Thanks; this is generally looking pretty good. I have some review
commenst below.
> Signed-off-by: Kevin Townsend <kevin.townsend@linaro.org>
> ---
> hw/sensor/Kconfig | 4 +
> hw/sensor/lsm303dlhc_mag.c | 754 +++++++++++++++++++++++++++++++++++++
> hw/sensor/meson.build | 1 +
> 3 files changed, 759 insertions(+)
> create mode 100644 hw/sensor/lsm303dlhc_mag.c
> +static void lsm303dlhc_mag_get_x(Object *obj, Visitor *v, const char *name,
> + void *opaque, Error **errp)
> +{
> + LSM303DLHCMagState *s = LSM303DLHC_MAG(obj);
> + int64_t value = s->x;
> +
> + /* Convert to uT where 1000 = 1 uT. Conversion factor depends on gain. */
> + value *= 1000000;
> + switch (s->crb >> 5) {
> + case 1:
> + /* 11 lsb per uT. */
> + value /= 11000;
> + break;
> + case 2:
> + /* 8.55 lsb per uT. */
> + value /= 8550;
> + break;
> + case 3:
> + /* 6.70 lsb per uT. */
> + value /= 6700;
> + break;
> + case 4:
> + /* 4.50 lsb per uT. */
> + value /= 4500;
> + break;
> + case 5:
> + /* 4.00 lsb per uT. */
> + value /= 4000;
> + break;
> + case 6:
> + /* 3.30 lsb per uT. */
> + value /= 3300;
> + break;
> + case 7:
> + /* 2.30 lsb per uT. */
> + value /= 2300;
> + break;
> + default:
> + break;
> + }
This gain conversion code is quite long-winded and duplicated
between the get_x and get_y functions. I think we could reduce it:
/*
* Conversion factor from Gauss to sensor values for each GN gain setting,
* in units "lsb per Gauss" (see data sheet table 3). There is no documented
* behaviour if the GN setting in CRB is incorrectly set to 0b000;
* we arbitrarily make it the same as 0b001.
*/
uint32_t xy_gain[] = { 1100, 1100, 855, 670, 450, 400, 330, 230 };
uint32_t z_gain[] = { 980, 980, 760, 600, 400, 355, 295, 205 };
static void lsm303dlhc_mag_get_x(Object *obj, Visitor *v, const char *name,
void *opaque, Error **errp)
{
LSM303DLHCMagState *s = LSM303DLHC_MAG(obj);
int64_t value;
int gm = extract32(s->crb, 5, 3);
/* Convert to uT where 1000 = 1 uT. Conversion factor depends on gain. */
int64_t value = muldiv64(s->x, 100000, xy_gain[gm]);
visit_type_int(v, name, &value, errp);
}
static void lsm303dlhc_mag_set_x(Object *obj, Visitor *v, const char *name,
void *opaque, Error **errp)
{
LSM303DLHCMagState *s = LSM303DLHC_MAG(obj);
int64_t value;
int64_t reg;
int gm = extract32(s->crb, 5, 3);
if (!visit_type_int(v, name, &value, errp)) {
return;
}
reg = muldiv64(value, xy_gain[gm], 100000);
/* Make sure we are within a 12-bit limit. */
if (reg > 2047 || reg < -2048) {
error_setg(errp, "value %lld out of register's range", value);
return;
}
s->x = (int16_t)reg;
}
Similarly for y and z (z uses z_gain[], obviously).

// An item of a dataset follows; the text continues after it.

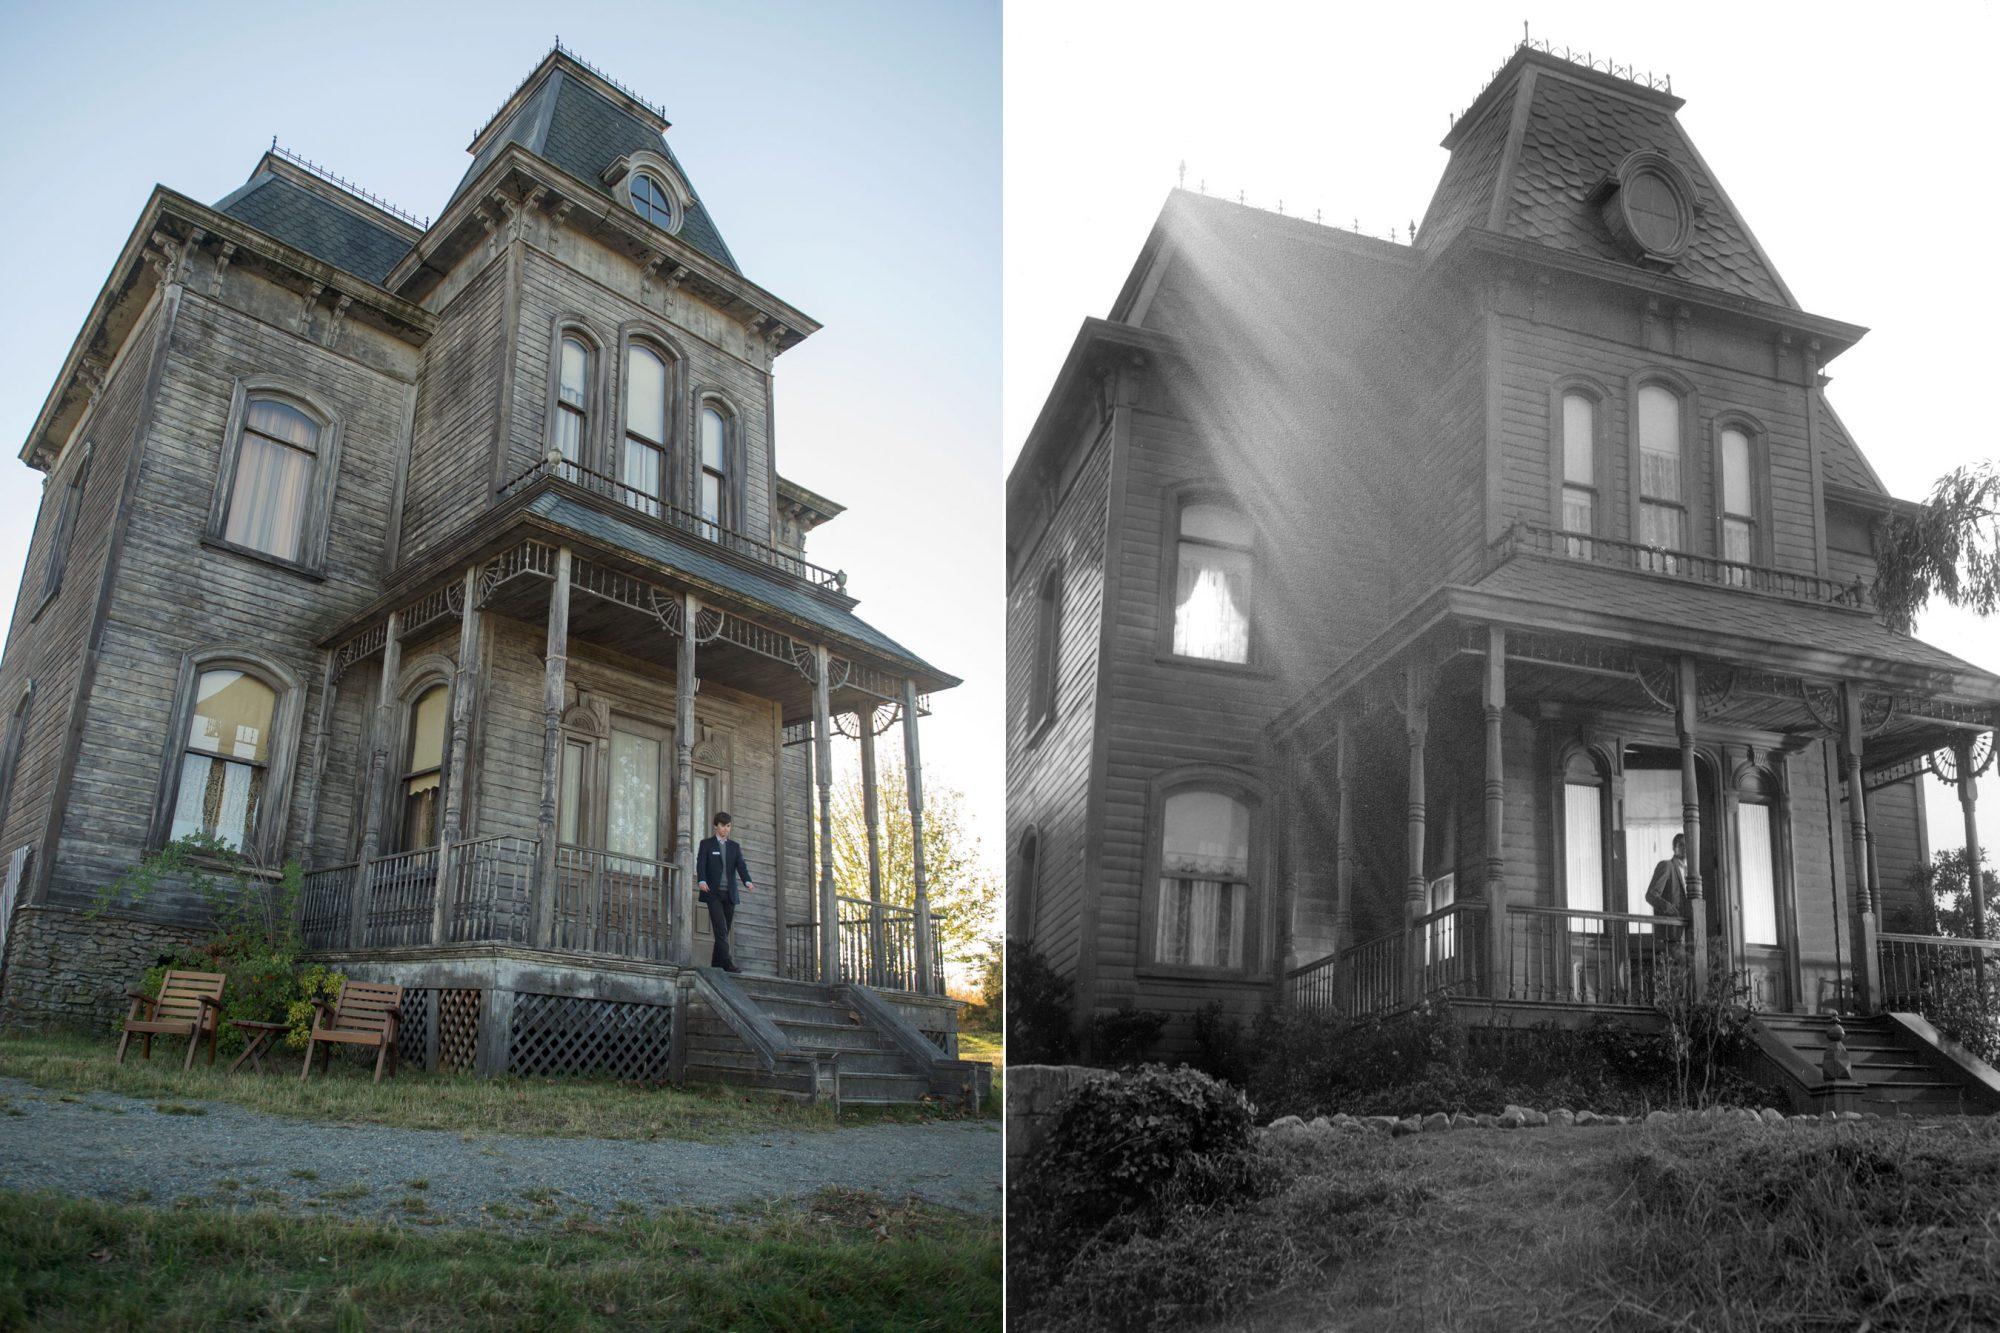 Bates Motel vs. Psycho

(muldiv64() is in "qemu/host-utils.h"; it avoids potential overflows
by calculating a * b / c with a higher-precision intermediate value;
we don't need that in the get but we do for the set, and it makes the
two functions clearly the inverse of each other to use it both places.)
> +/*
> + * Callback handler whenever a 'I2C_START_RECV' (read) event is received.
> + */
> +static void lsm303dlhc_mag_read(LSM303DLHCMagState *s)
> +{
> + s->len = 0;
> +
> + /*
> + * The address pointer on the LSM303DLHC auto-increments whenever a byte
> + * is read, without the master device having to request the next address.
> + *
> + * The auto-increment process has the following logic:
> + *
> + * - if (s->pointer == 8) then s->pointer = 3
> + * - else: if (s->pointer >= 12) then s->pointer = 0
> + * - else: s->pointer += 1
> + *
> + * Reading an invalid address return 0.
> + *
> + * The auto-increment logic is only taken into account in this driver
> + * for the LSM303DLHC_MAG_REG_OUT_* and LSM303DLHC_MAG_REG_TEMP_OUT_*
> + * registers, which are the two common uses cases for it. Accessing either
> + * of these register sets will also populate the rest of the related
> + * dataset.
> + */
I thought we'd agreed to implement the whole of the auto-increment
logic, not just for specific registers ?
Could I ask you to write a test case for this new device?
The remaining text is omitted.